Mobaraki Nabiollah, Hemmateenejad Bahram, Weikl Thomas R, Sakhteman Amirhossein
Chemistry Department, Shiraz University, Shiraz, Iran.
Chemistry Department, Shiraz University, Shiraz, Iran; Max Planck Institute of Colloids and Interfaces, Department of Theory and Bio-Systems, Potsdam, Germany.
J Mol Graph Model. 2019 Sep;91:186-193. doi: 10.1016/j.jmgm.2019.06.011. Epub 2019 Jun 15.

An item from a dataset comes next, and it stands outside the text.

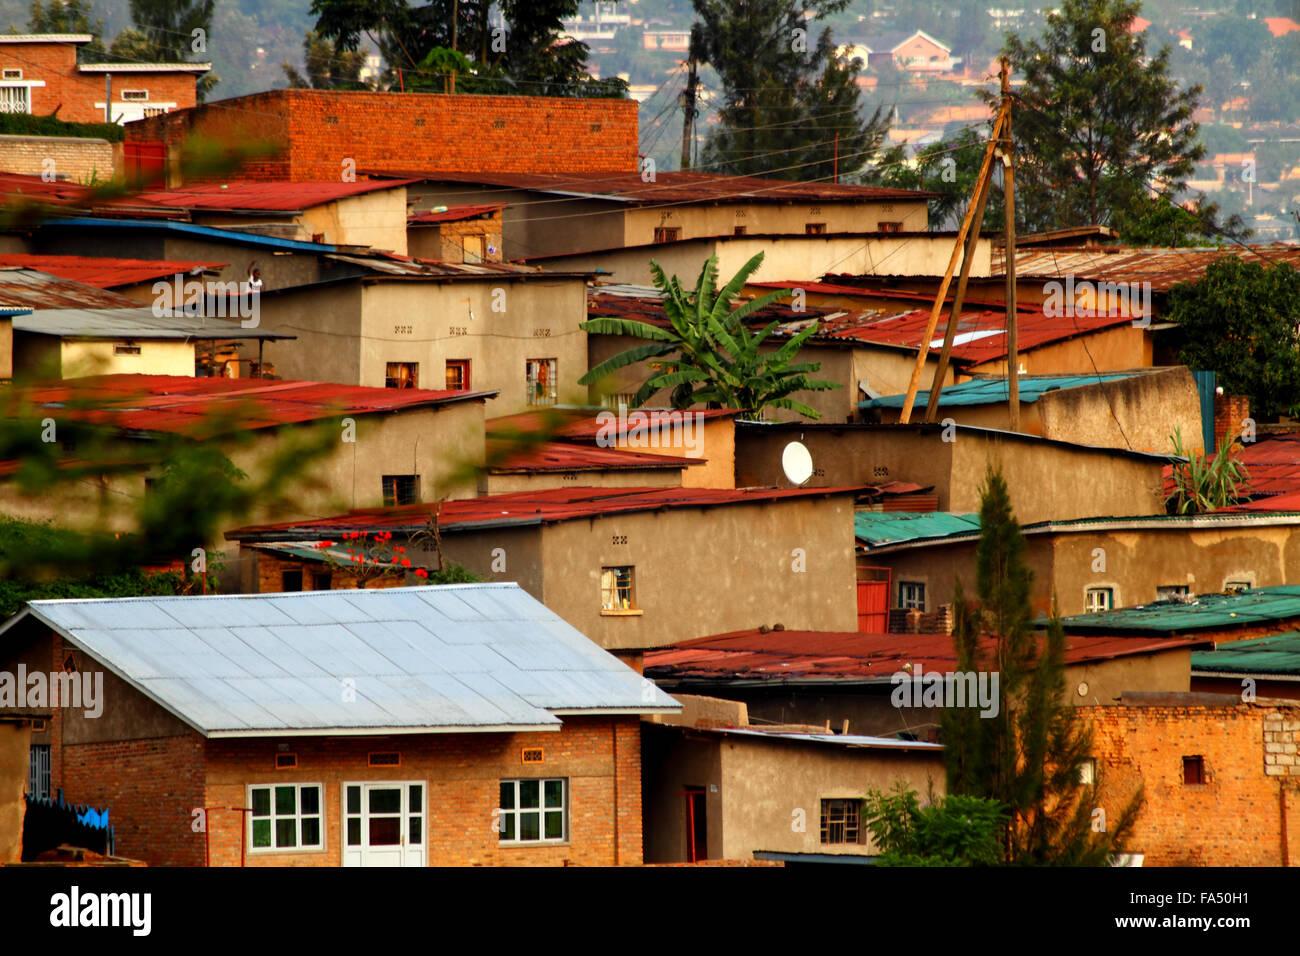 Colorful hillside homes in Kigali, Rwanda - Stock Image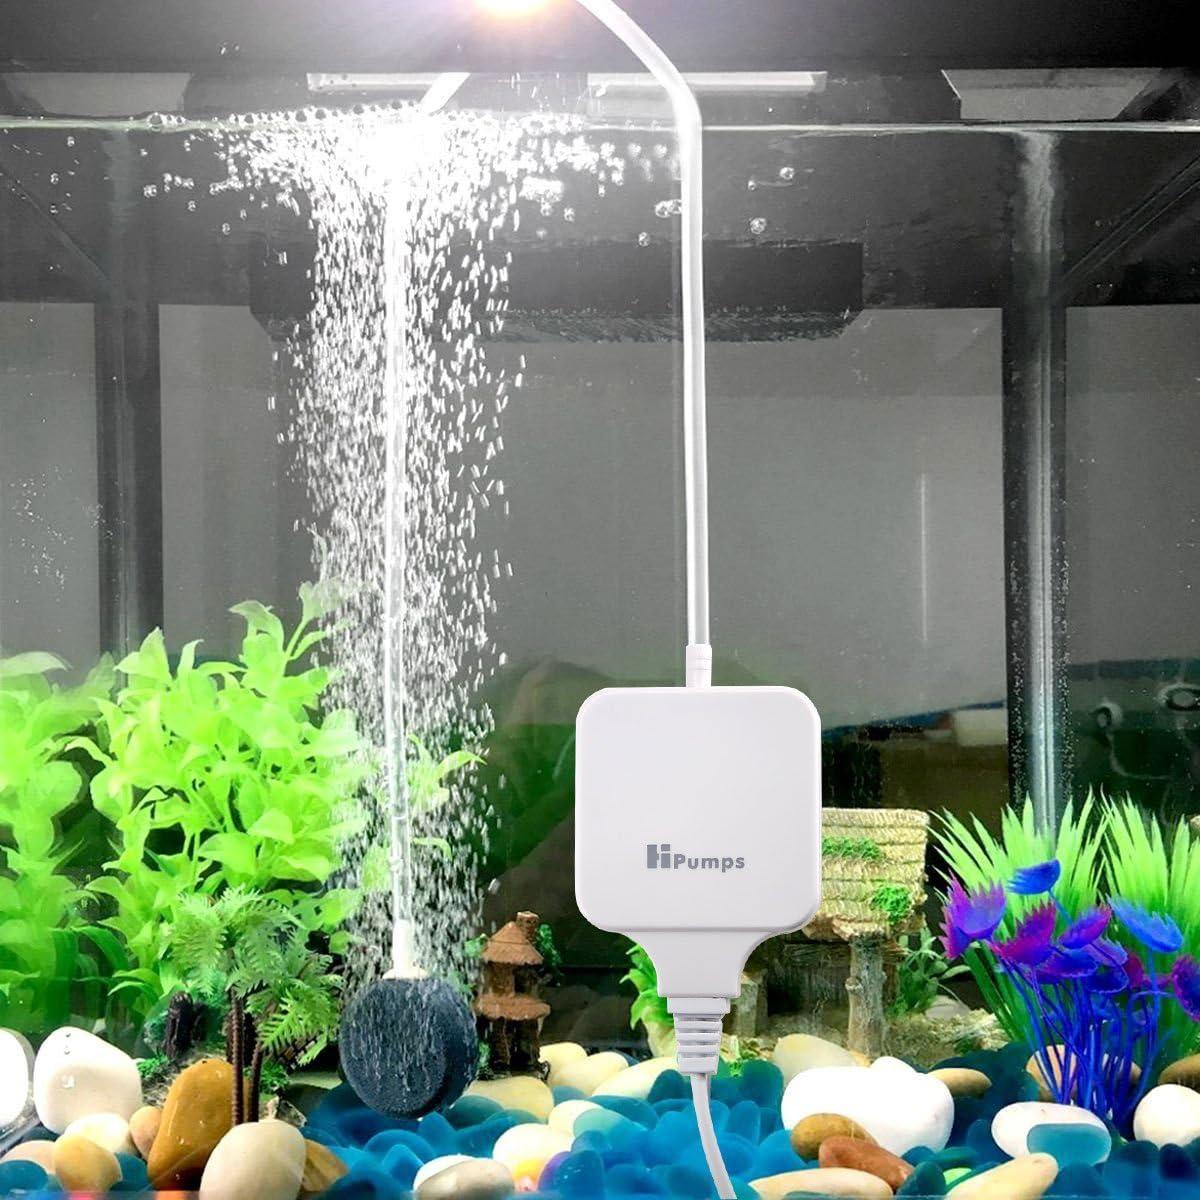 Super Silent High Efficient Oxygen Breathe Water Air Pump for Fish Tank with Filter Air Stone and Tube Hpumps Aquarium Air Pump

We present a detailed investigation of the effect of the crystallographic structure of the HIV-1 protease (PR) on the binding energy of different classes of inhibitors obtained from docking simulations. The crystal structures of 222 HIV-1 proteases (in wild-type and mutant forms) and 202 inhibitors were downloaded from appropriate databases. A cross-docking approach (docking of all 202 inhibitors to all 222 PR structures) using Autodock Vina was implemented. The protease structures were clustered using a Kohonen self-organization map analysis of the data matrix of docking energies. The obtained clusters of PRs were correlated with the x-y-z coordinates of the PR structures to identify structural segments underlying this clustering. The PR structures were clustered into 4 classes. One of these classes exhibits rather strong binding with almost all inhibitors, while another class exhibits rather weak binding. The remaining two classes are intermediate in binding strength. The selectivity ratio indices for the carbon-alpha atoms of the PR structures indicate that conformational motion of residues outside the binding pocket contributes significantly to the discrimination of the 4 classes.
我们对HIV-1蛋白酶(PR)的晶体结构对通过对接模拟获得的不同类别抑制剂结合能的影响进行了详细研究。从适当的数据库下载了222种HIV-1蛋白酶(野生型和突变型)的晶体结构以及202种抑制剂。采用Autodock Vina实施了一种交叉对接方法(将所有202种抑制剂对接至所有222种PR结构)。利用对接能量数据矩阵的Kohonen自组织映射分析对蛋白酶结构进行聚类。将获得的PR聚类与PR结构的x-y-z坐标相关联,以识别该聚类背后的结构片段。PR结构被聚类为4类。其中一类与几乎所有抑制剂表现出相当强的结合,而另一类表现出相当弱的结合。其余两类的结合强度处于中间水平。PR结构中碳α原子的选择性比率指数表明,结合口袋外残基的构象运动对这4类的区分有显著贡献。